During a week plagued by stormy weather in early August, the City of Charleston quietly changed the branding used in its weekly newsletters and daily hurricane messages, setting up a months-long kerfuffle between the mayor’s office and Charleston City Council members who said they were blindsided by the change. The new brand used a lot of similar iconography as the historic city seal which previously emblazoned the city’s documents, but the minimalist, modernized design dropped a lot of original details and embellishments that made local landmarks recognizable. The mayor’s office, after being called out by council members in public meetings, later walked back comments to the City Paper that the new “logo” was a placeholder and would be part of a larger plan to rebrand the city under Cogswell’s new administration.

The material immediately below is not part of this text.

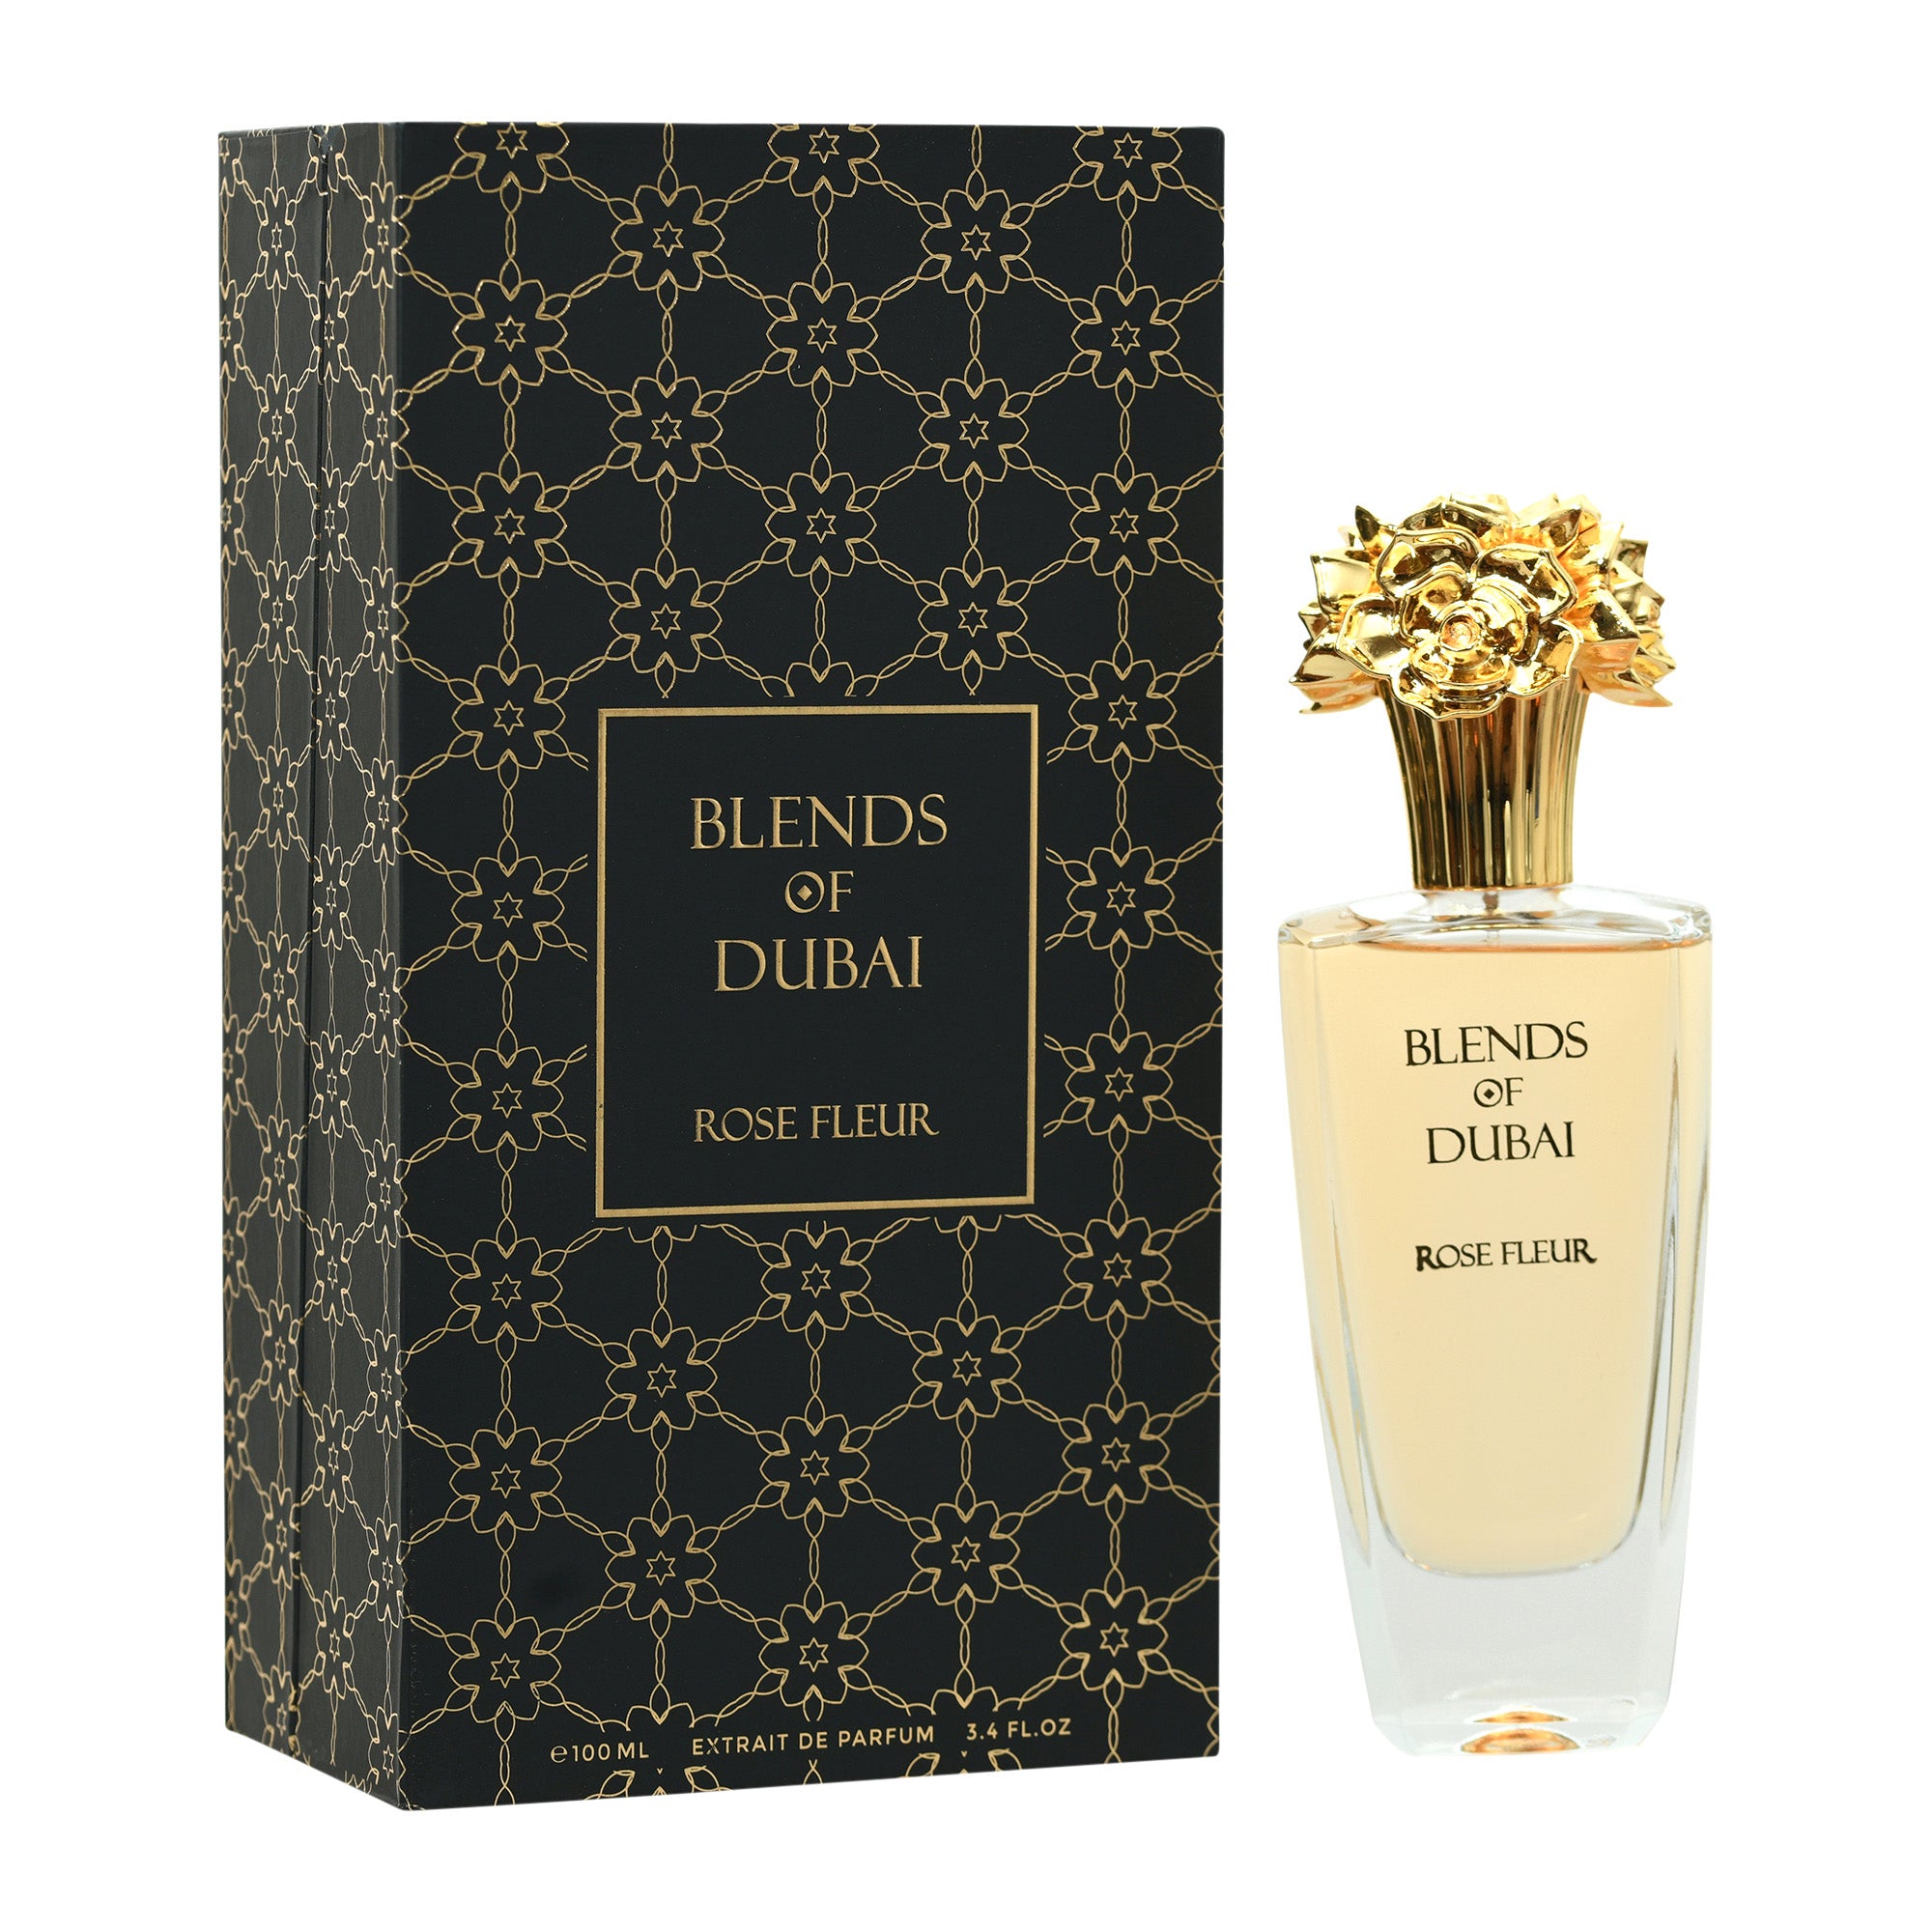 Blends of Dubai Rose Fleur Eau De Parfum 100ml

 September: Charleston prepares to ‘live with water’

The challenge of living with water on the Charleston peninsula began in the 1680s when European settlers moved Charles Towne from West Ashley to high ground between the Ashley and Cooper rivers that wasn’t “washed by the tides,” the City Paper wrote in a Sept. 15 report. When Cogswell and other officials recently unveiled the city’s new water plan at City Hall, he said the concepts were aspirational, and that he was confident they would help the community better understand what it means to “live with water.” Cogswell’s water plan built on a 2019 Dutch Dialogues Charleston report, the 2021 Charleston City Plan and the proposed peninsula protection system, among others penned during former Charleston mayor John Tecklenburg’s time at the helm.

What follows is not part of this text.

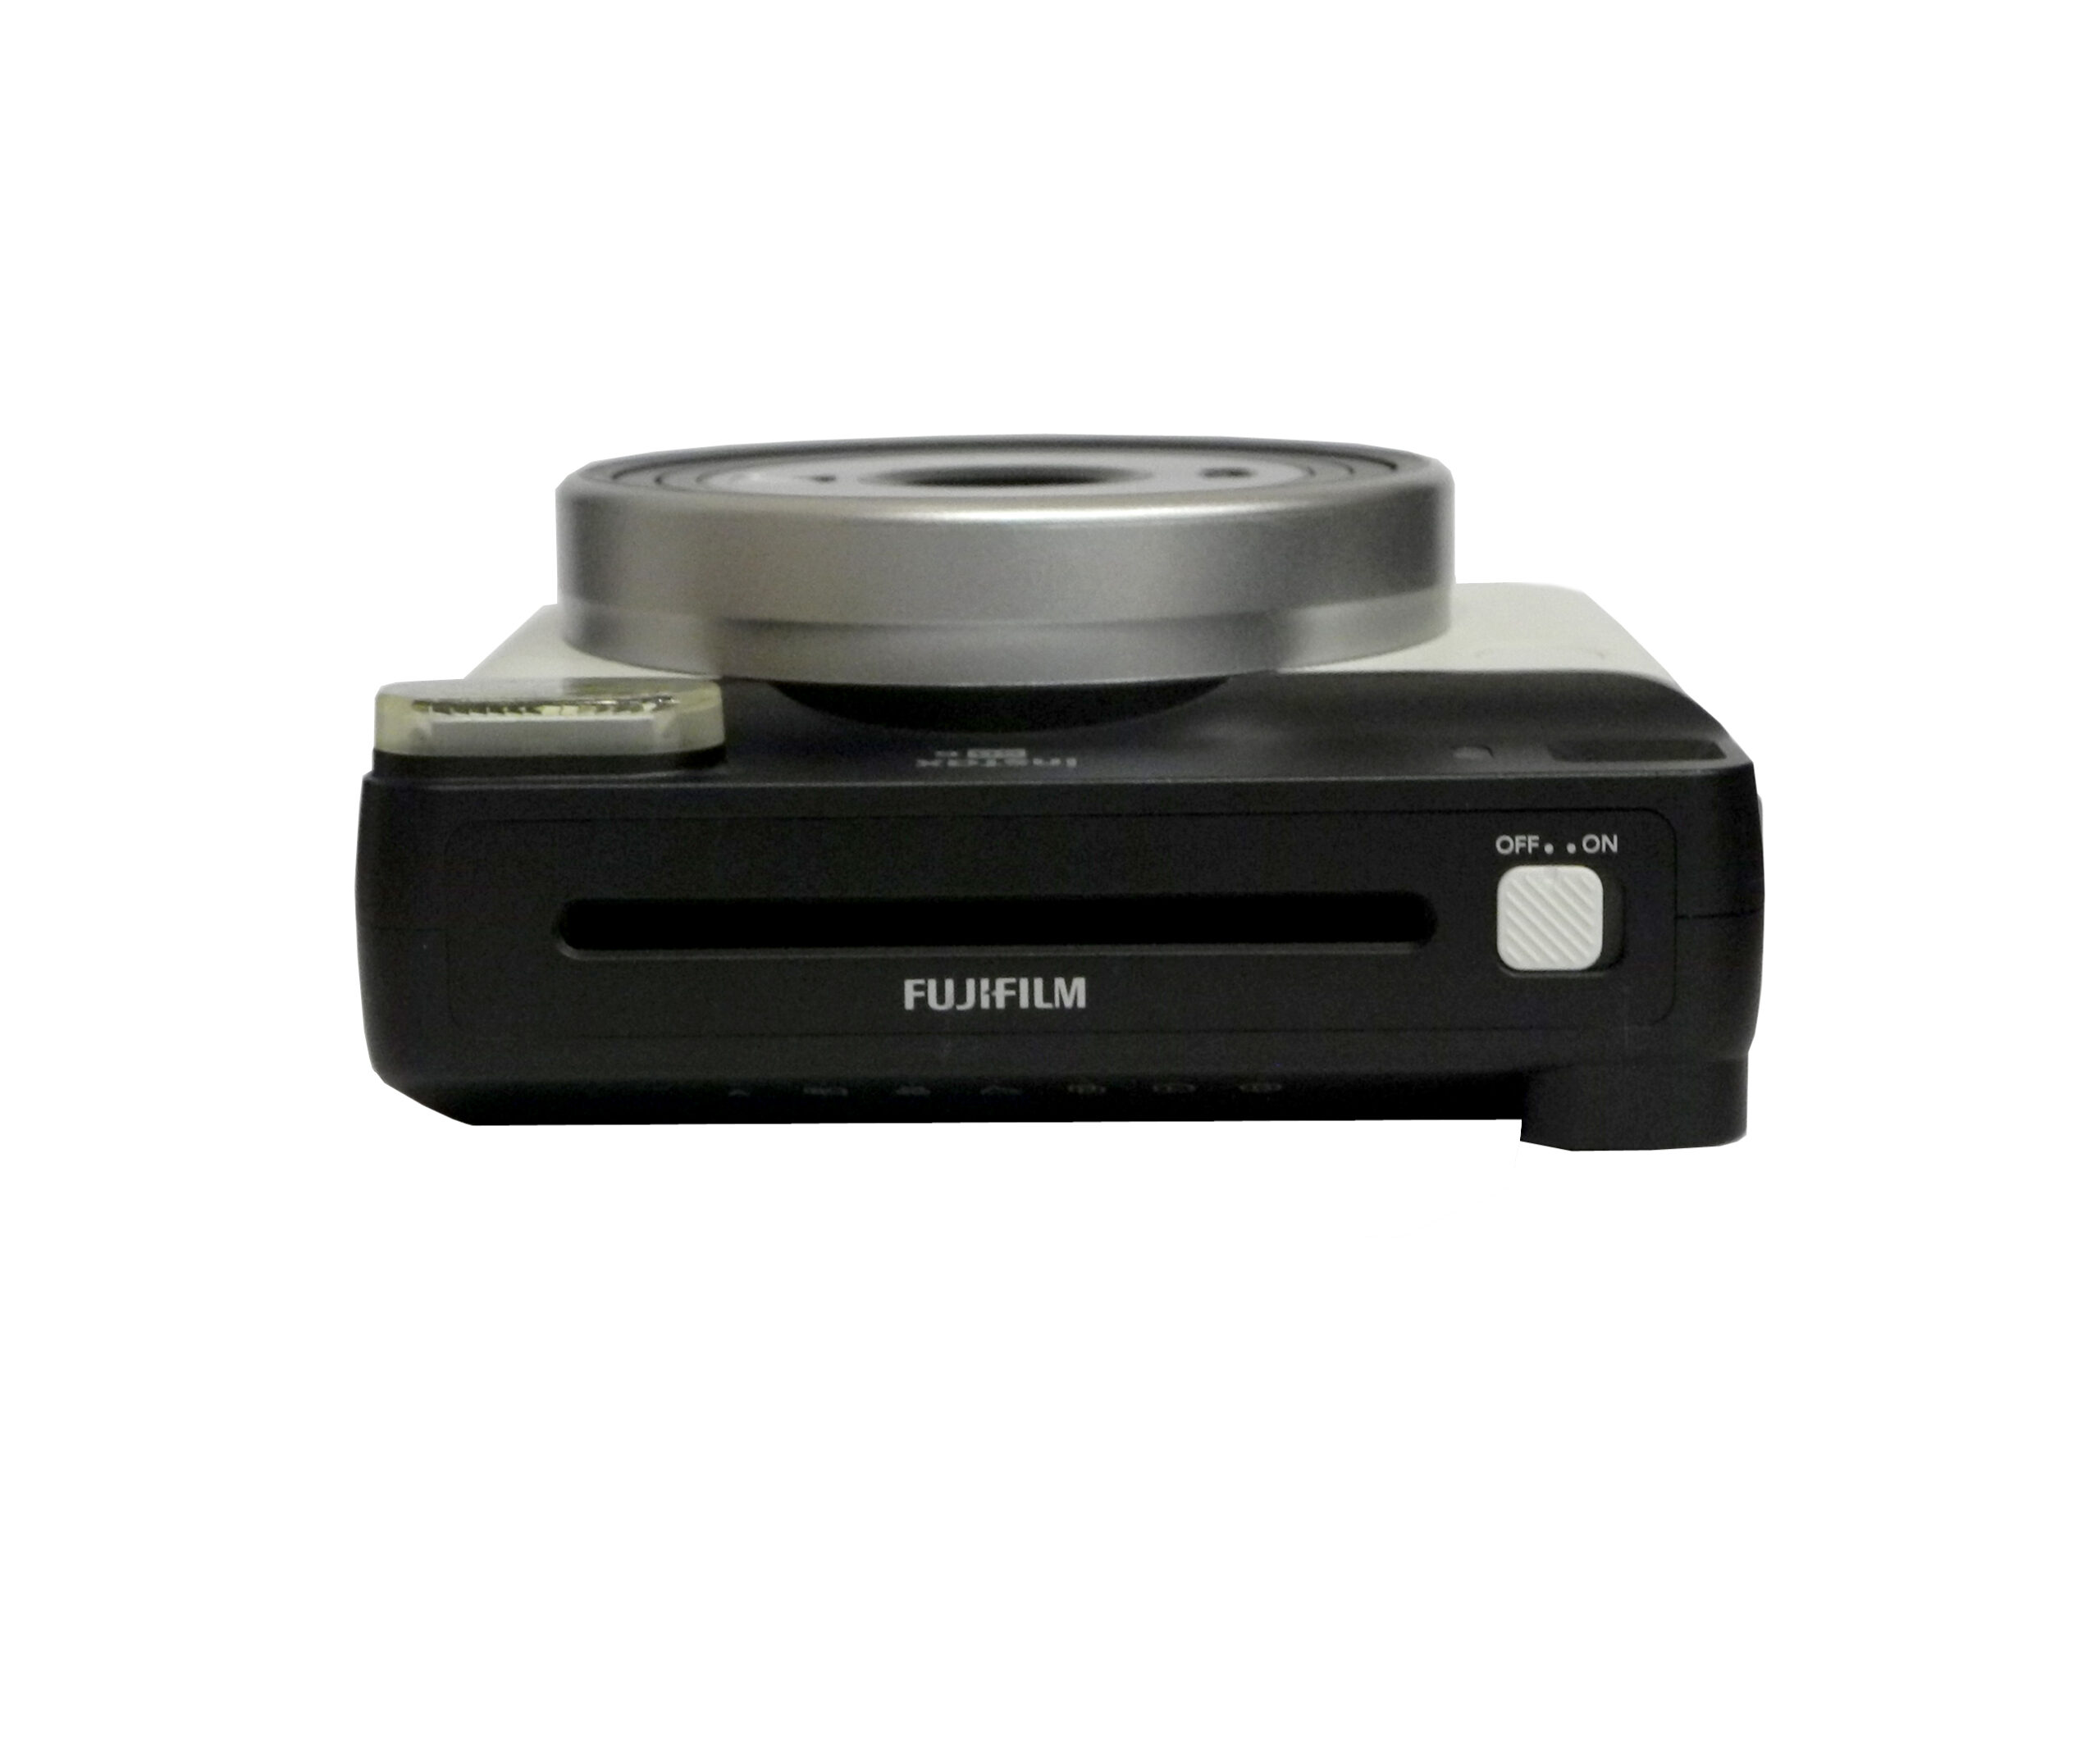 Aparat Fujifilm Instax Square SQ6 Pearl White powystawowy

October: Cogswell nearly throws wrench in Ashley River pedestrian bridge plan

Pedestrian bridge construction started | rendering provided by City of Charleston

Late October and early November were marked by rapid changes to a years-long effort to move forward with a pedestrian bridge spanning the Ashley River to connect downtown Charleston to West Ashley in a safe and reliable way. Cogswell proposed new additions to the plan, which surprised opponents criticized for being more “style over substance.” The proposals were made more contentious as the project had already been designed, vetted, approved and funded after years of painstaking community work, and the changes could delay construction. Cogswell later conceded several of the changes, and construction began in November as planned in West Ashley.

November: Charleston voters resoundingly reject sales tax referendum

Credit: Andy Brack

Charleston County residents sent a solid “no” message to county leaders during the Nov. 5 election when they rejected a half-cent sales tax extension that would have raised billions for road and other projects, including the decades-long boondoggle that is the Interstate 526 extension. The referendum was rejected by every precinct on James and Johns islands, where about half of the funds from the referendum (about $2.3 billion) would have gone to the extension of I-526, including more than $600 million to pay interest costs on a tax-backed loan worth $1.8 billion. Opponents of the referendum pointed to its vague wording and the county’s poor track record on wise spending of public dollars as the reasons for its failure.

December: Squeezed: Rosemont under pressure by old pollution, new development

Years of coverage and historical looks at the troubled chemical plant that shadows the Rosemont community in Charleston’s neck area culminated with a Nov. 29 deep dive into the neighborhood’s past, present and future. The community is caught between a rock and a hard place, squeezed by challenges like flooding, an accident-prone chemical plant and gentrification. In the midst of this is a January election in which most of the community’s neighborhood association will be replaced. The planned Magnolia Project on the horizon is seen as a threat to the mostly Black community, as it could further gentrify the upper peninsula and finally push out families who have been there for generations.